Professor Klinkner received his B.A. in Politics from Lake Forest College in 1985 and his Ph.D. in Political Science from Yale University in 1992. In 1990-91, he was a Research Fellow at the Brookings Institution in Washington, D.C.  Klinkner has authored several books, including: The Unsteady March: The Rise and Decline of Racial Equality in America (2002); The Losing Parties: Out-Party National Committees, 1956-1993 (1994); The American Heritage History of the Bill of Rights: The First Amendment (1991); and The American Heritage History of the Bill of Rights: The Ninth Amendment (1991).

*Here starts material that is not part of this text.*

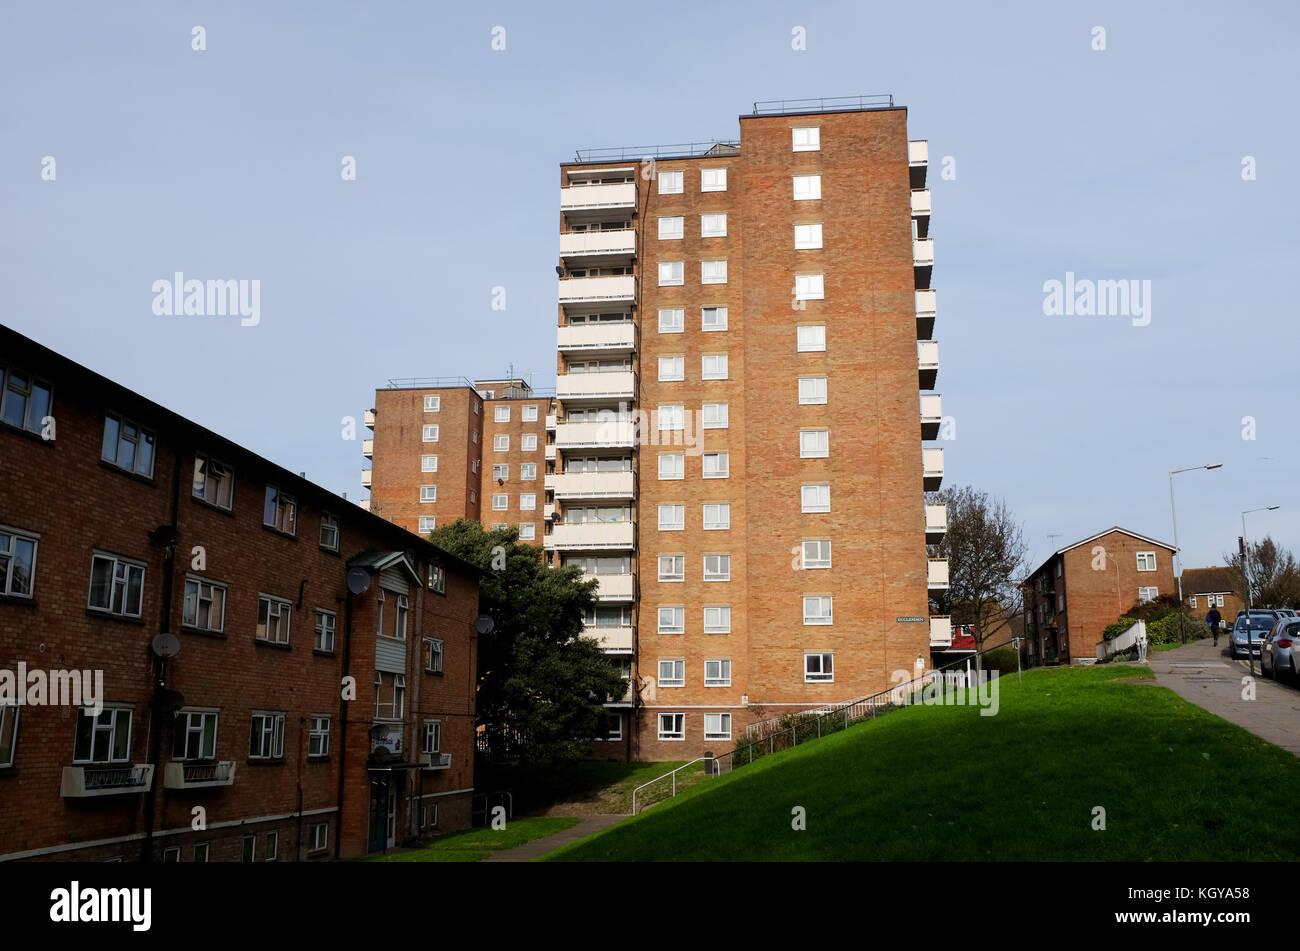 Ecclesden tower block of flats in Brighton Stock Photo

Klinkner is best known, however, for his website, Polysigh.com.  He has argued on his website that President Bush’s 2004 re-election had little or nothing to do with Americans’ concerns over “family values” issues (gay marriage, abortion, birth control, and similar domestic concerns), and everything to do with the fact that Bush received 2 percent more (than John Kerry) of the vote from people earning over $100,000 per year.

Klinkner observes that the percentage of Americans in that income category rose, during Bush’s first term, from 15 to 18 percent; in his view, Bush’s predominance over Kerry in that income demographic simply indicated that rich people were voting for more class warfare, an analysis as unpersuasive as it is sweeping.  A better question that Klinkner could have asked was, “What is the significance of the fact that a full 3 percent of the American population was added to the upper echelon of the income rolls in a period of virtually no inflation?”

Klinkner’s effort in his analysis is not merely to discredit Bush as a creature of the wealthy, but to deny the influence of the South’s Evangelical right, or even of the religious Midwest, in American politics.  As even a cursory examination of the electoral map reveals, the Midwest and the South won the 2004 election for Bush; attempting to posit alternate explanations is whistling in the wind.

To Klinkner’s credit, he has supported the Academic Bill of Rights, which encourages fairness and tolerance for both liberal and conservative voices within academe, and his posts on the war in Iraq have been more even-handed than those of most leftists. In addition, in contrast to leftwing ideologues like Ward Churchill and Robert Jensen, Klinkner’s scholarly credentials are solidly based.